### [What you have to do]
Copy out exactly the stretch below, from the line with "COS Presents Its" through the line with "Navy Coloured Musto", both included; the pictures stay out.

### [Data in this exercise]
---------------

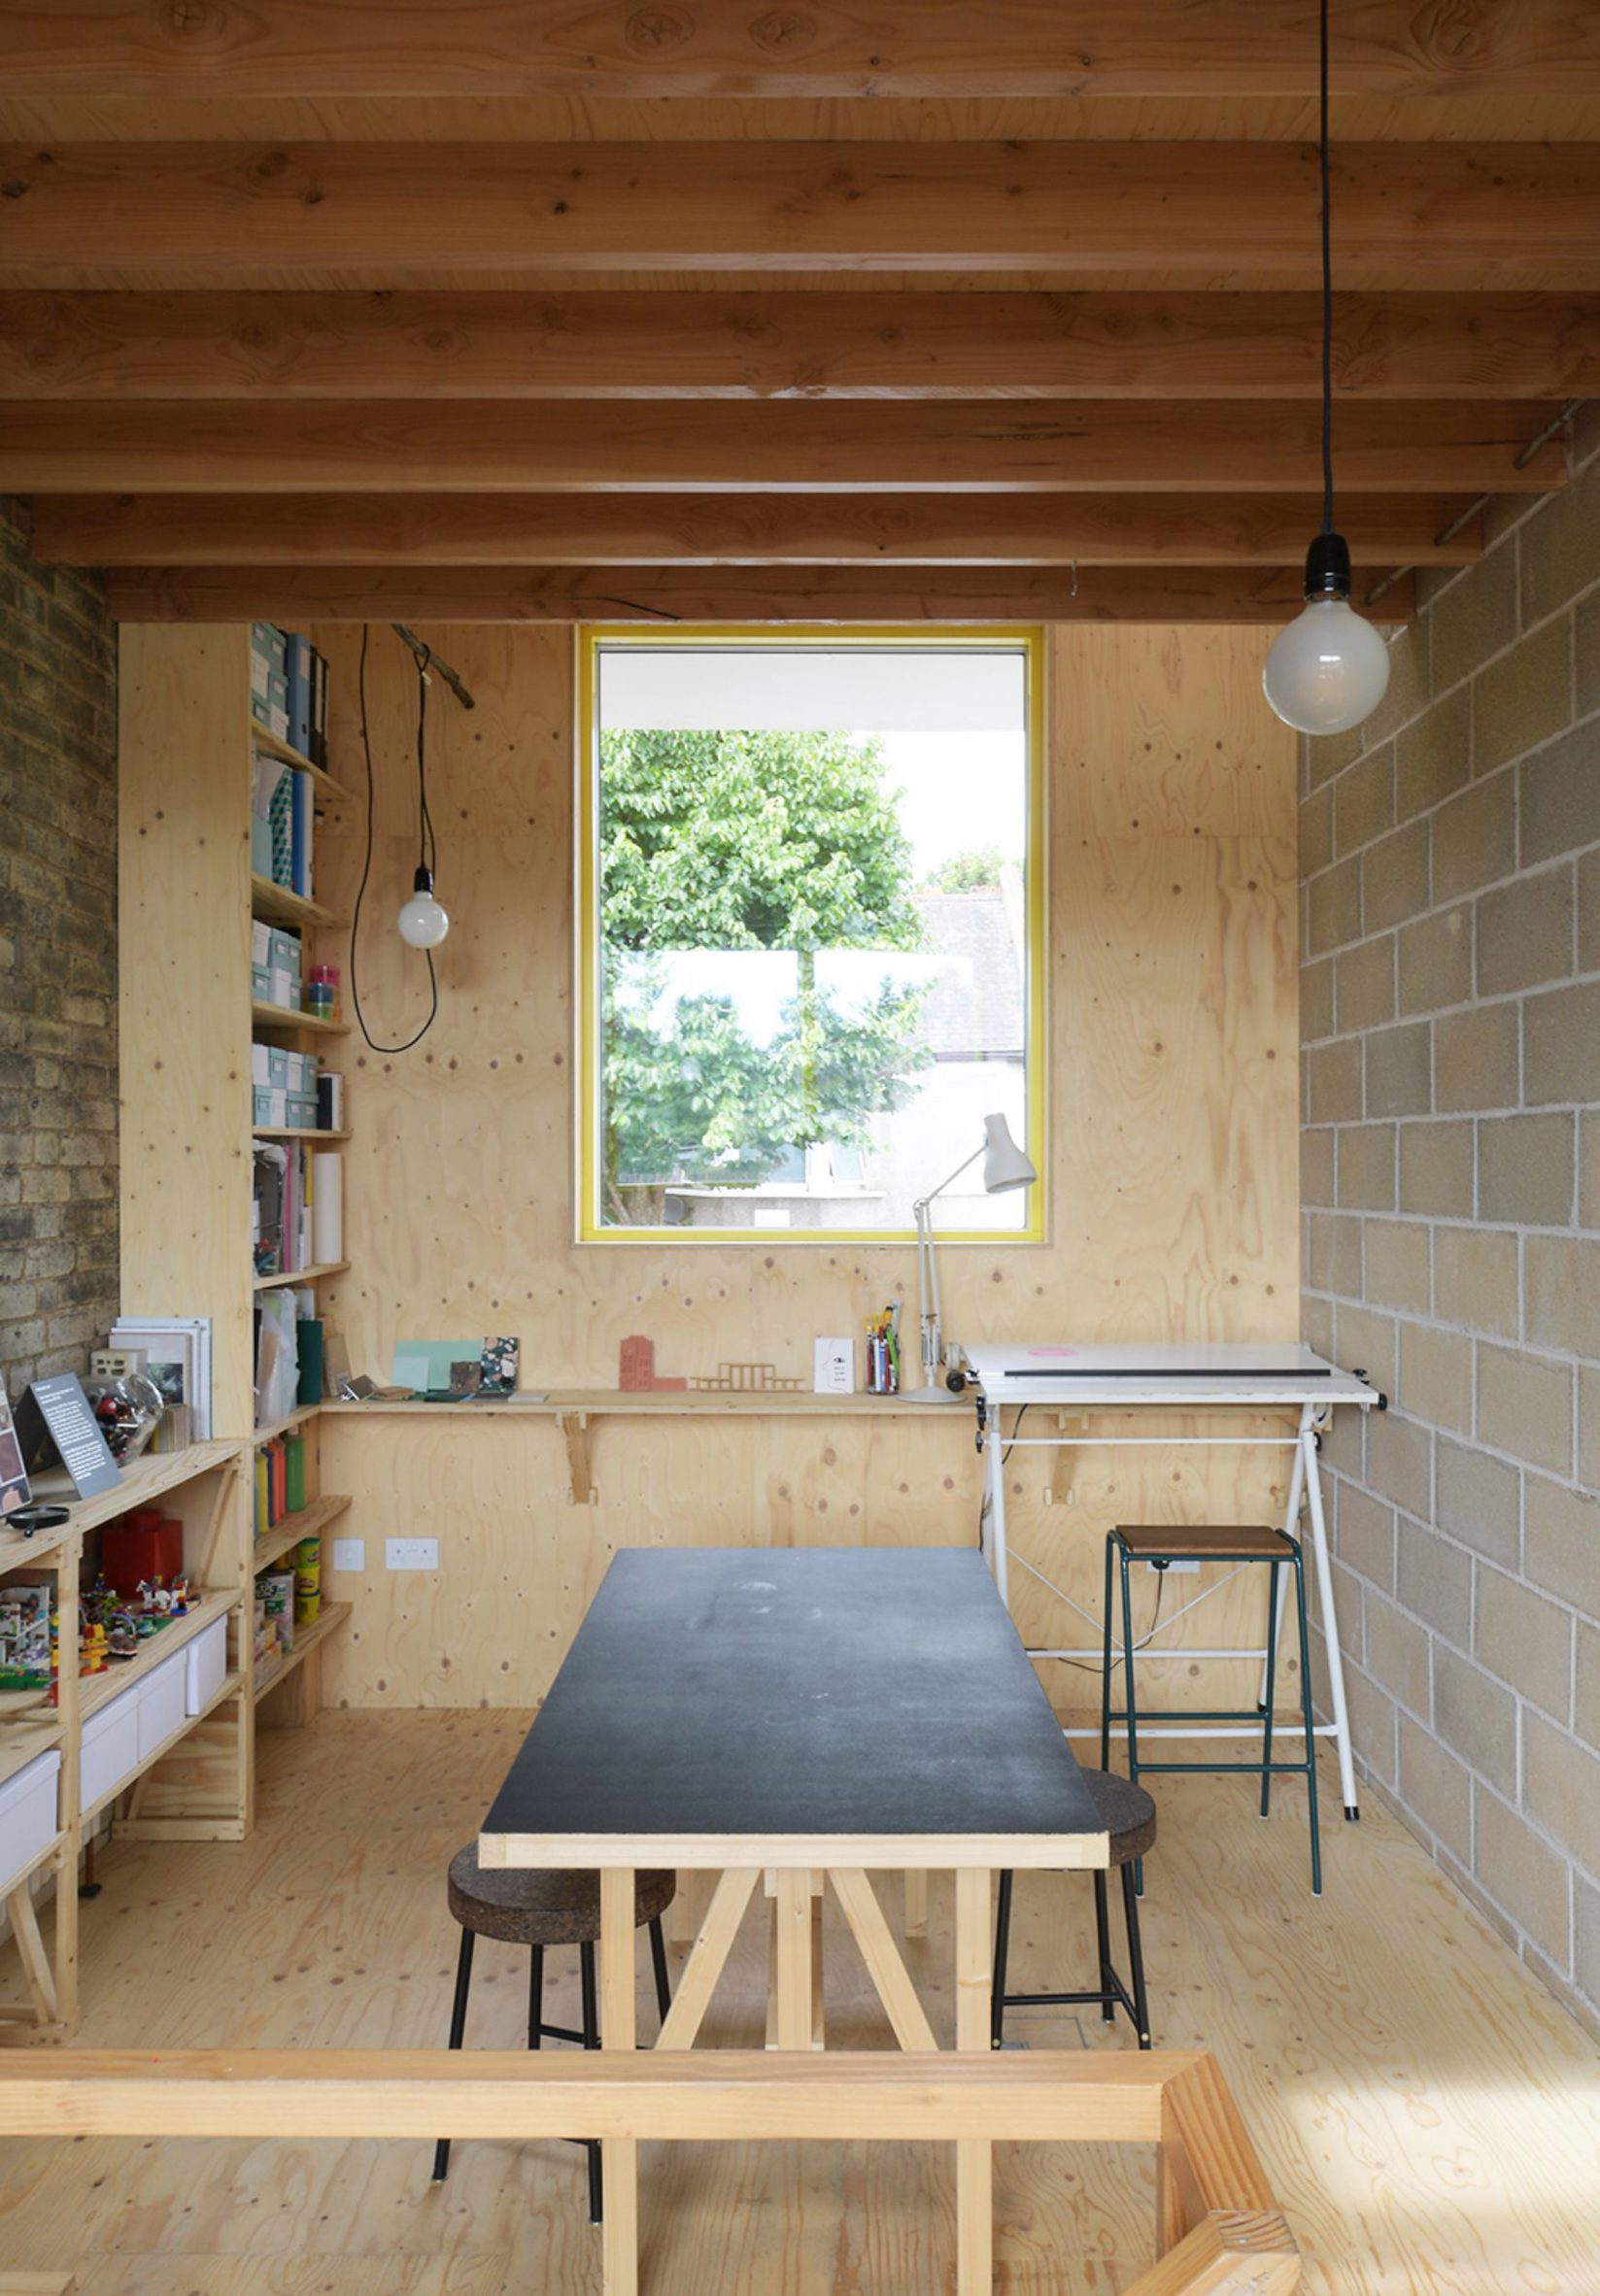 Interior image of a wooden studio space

---------------

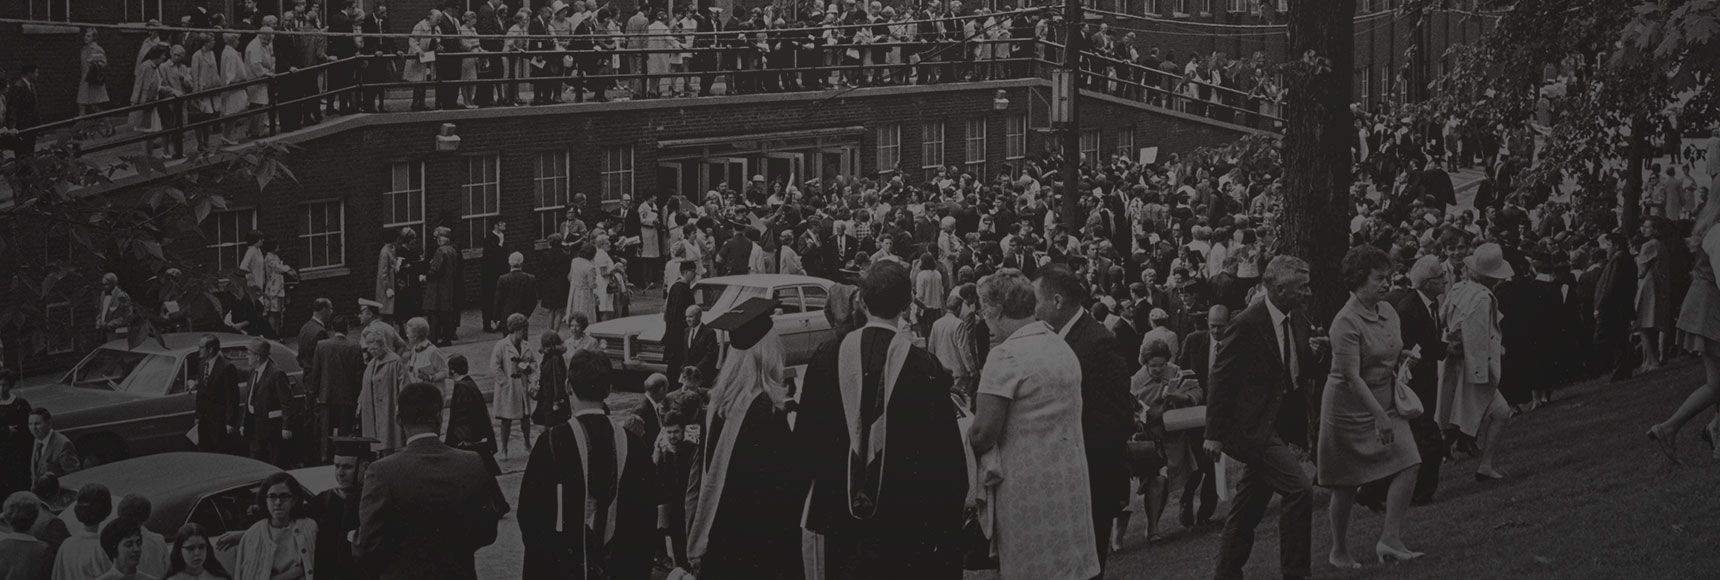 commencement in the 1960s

---------------

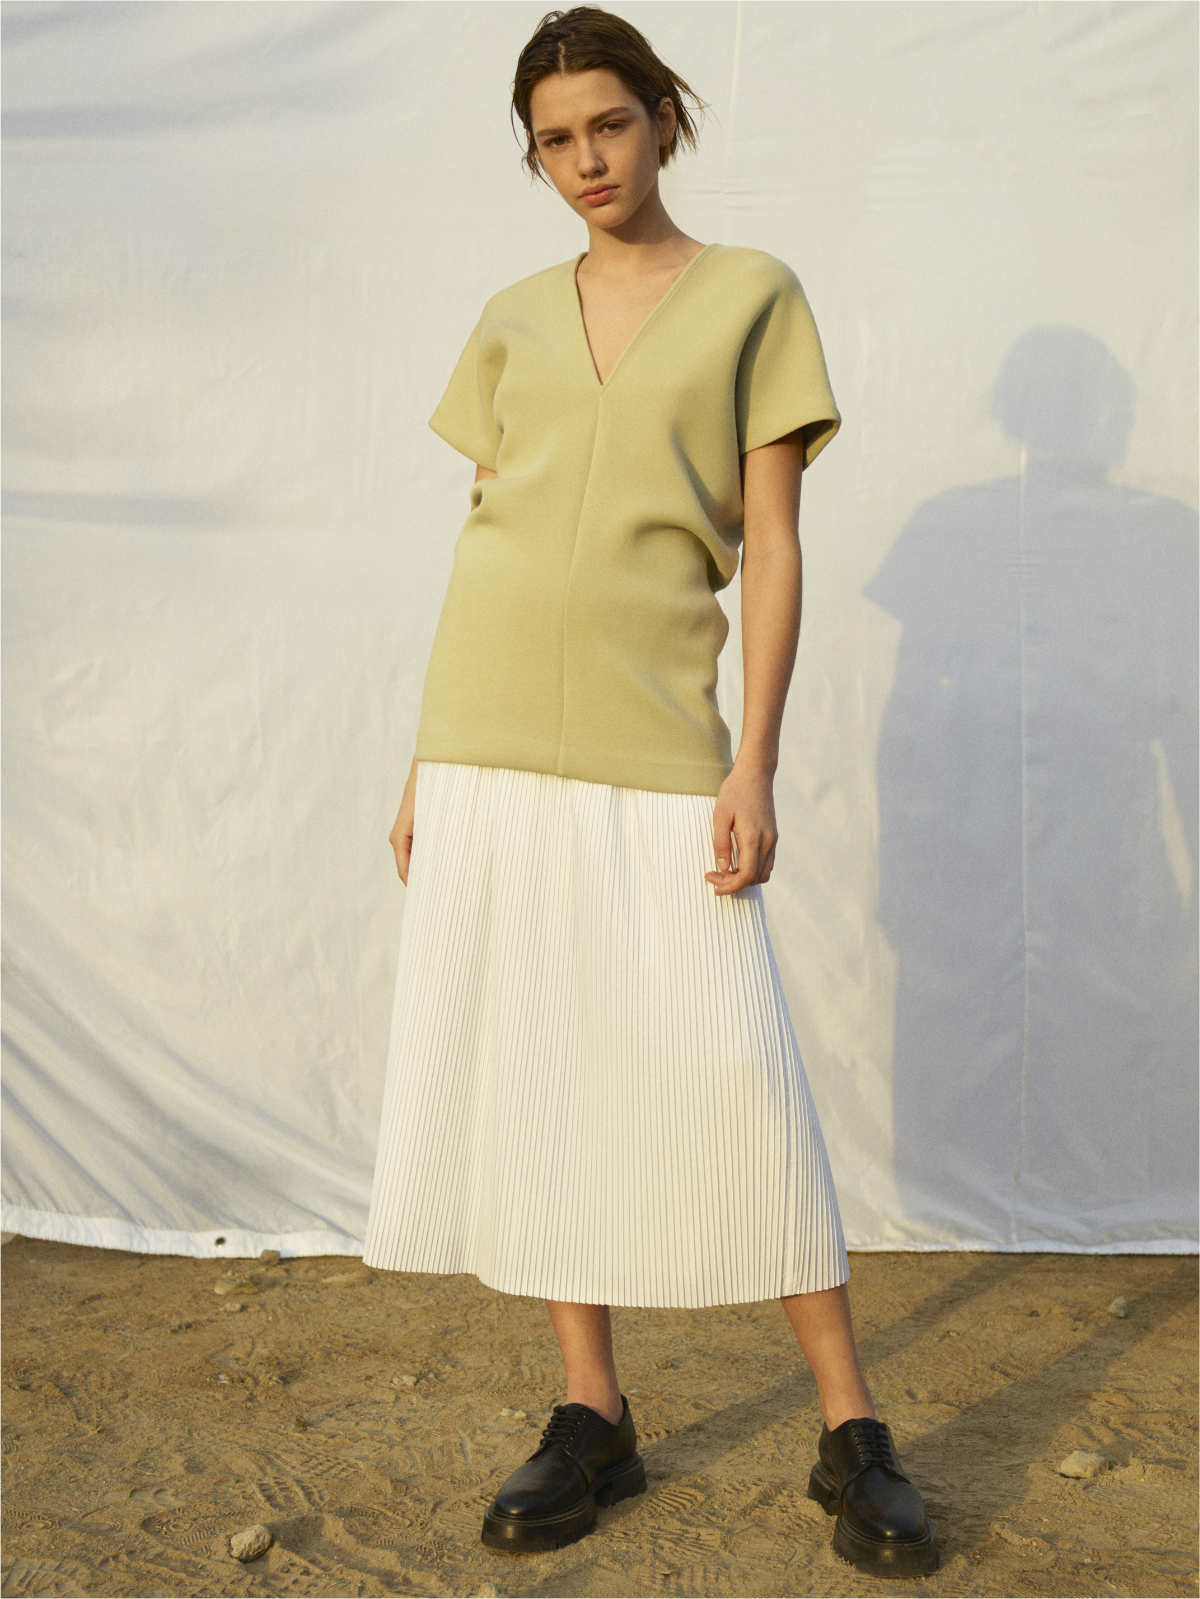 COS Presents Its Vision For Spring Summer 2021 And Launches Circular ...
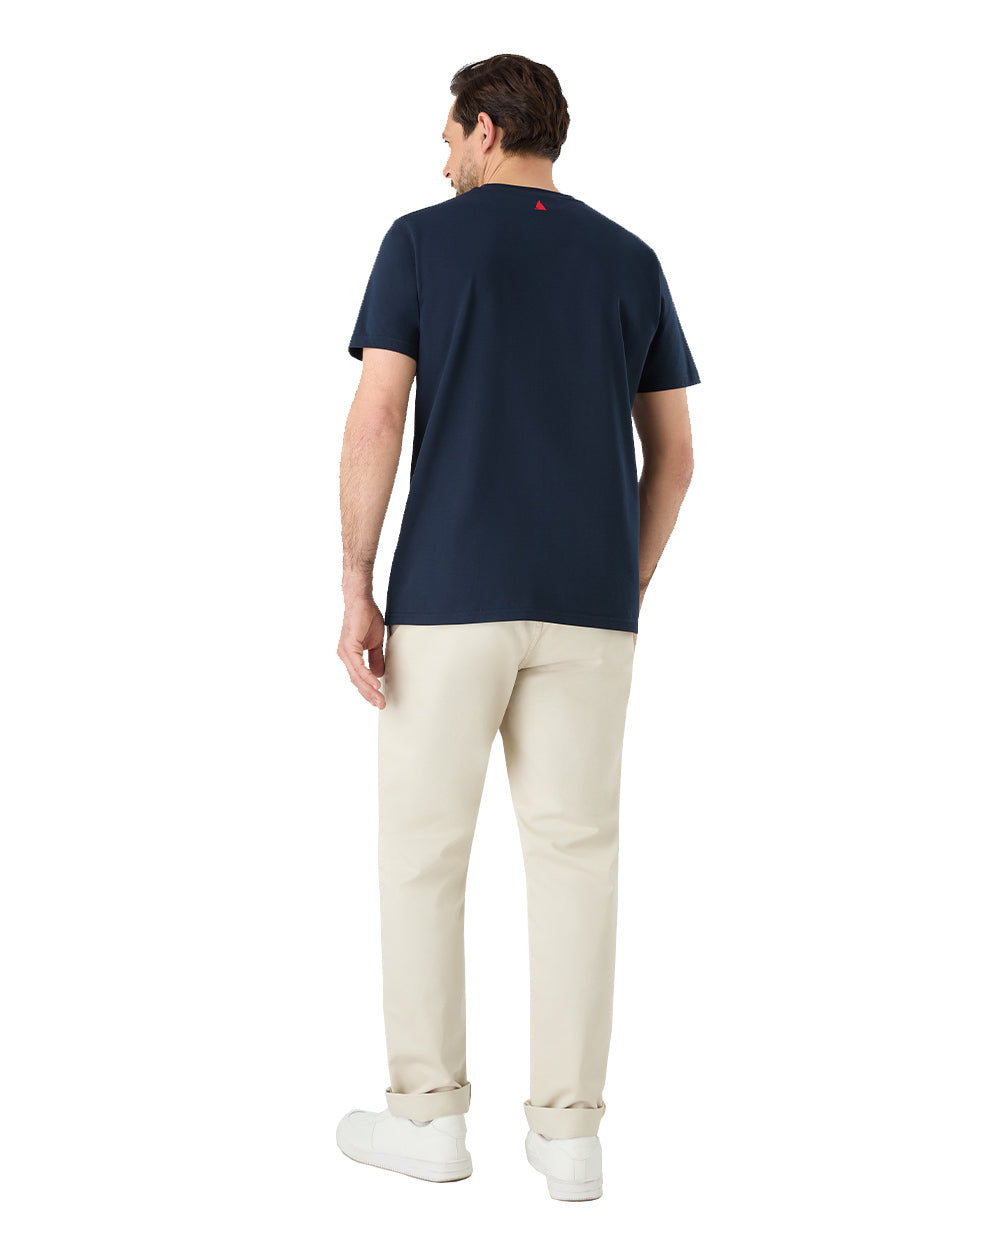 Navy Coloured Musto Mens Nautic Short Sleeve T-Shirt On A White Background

---------------

### [Result of this exercise]
 COS Presents Its Vision For Spring Summer 2021 And Launches Circular ...
 Navy Coloured Musto Mens Nautic Short Sleeve T-Shirt On A White Background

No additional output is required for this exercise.